3. Feature engineering

The processing device can acquire, process and extract meaningful features and attributes from the data collected by the data collection step by using a signal data processing technology, and is convenient to send to a model for training, and the main flow is as follows:

(1) And carrying out median filtering cleaning on gesture data collected by the data, wherein the method is as follows.

(2) The file in the step (1) is segmented by adopting an attribute mechanism and a certain time length (adjustable, 5 ms), the original file is divided into a plurality of blocks, the gesture type corresponding to the gesture video is determined as a corresponding label, and the segmentation mechanism is trained by adopting a network model.

The patent adopts an attetin mechanism, after training by adopting a network model, the input image is blocked with weight, the network model adopts a lightweight convolution network, the network model inputs gray data values of regional images obtained by blocking as characteristics, and then the gesture labels are finally output after one layer of attetin.

(3) The area image divided into a plurality of blocks in the step (2) is processed as follows until all files are processed:

extracting characteristic energy distribution characteristics by taking a window with a duration of 5ms, and performing standardization;

taking a window with a duration of 10ms, extracting characteristic energy distribution characteristics, and performing standardization

Extracting characteristic energy distribution characteristics by taking a window with a duration of 15ms, and performing standardization;

if the data is the target gesture, marking 1, otherwise marking 0.

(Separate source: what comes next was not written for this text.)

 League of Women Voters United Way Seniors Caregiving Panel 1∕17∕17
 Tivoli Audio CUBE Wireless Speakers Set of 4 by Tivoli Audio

Through the labeling mode, more accurate training data can be obtained when a plurality of gesture types are included in one gesture video.

4. Model training

The embodiment of the application can adopt a classification method to classify, and the designed network model has 3 layers in total in consideration of the computing power of the mobile terminal:

the first layer is a 1D CNN convolutional neural network, which has 32 convolutional kernels with the size of 64;

The 1D CNN is followed by a global average pooling layer;

the pooling layer is connected with a Relu activation function;

the second layer is a 1D CNN convolutional neural network, which has 16 convolutional kernels with the size of 64;

the 1D CNN is followed by a global average pooling layer;

the pooling layer is connected with a Relu activation function;

the third layer is a full link layer, and Dense is 8.

After training the model with the above data, the processing device may perform model evaluation by:

(1) And denoising the data to be predicted.

(2) And partitioning the file to determine the area image.

(3) And sending the extracted area images to a network model for prediction.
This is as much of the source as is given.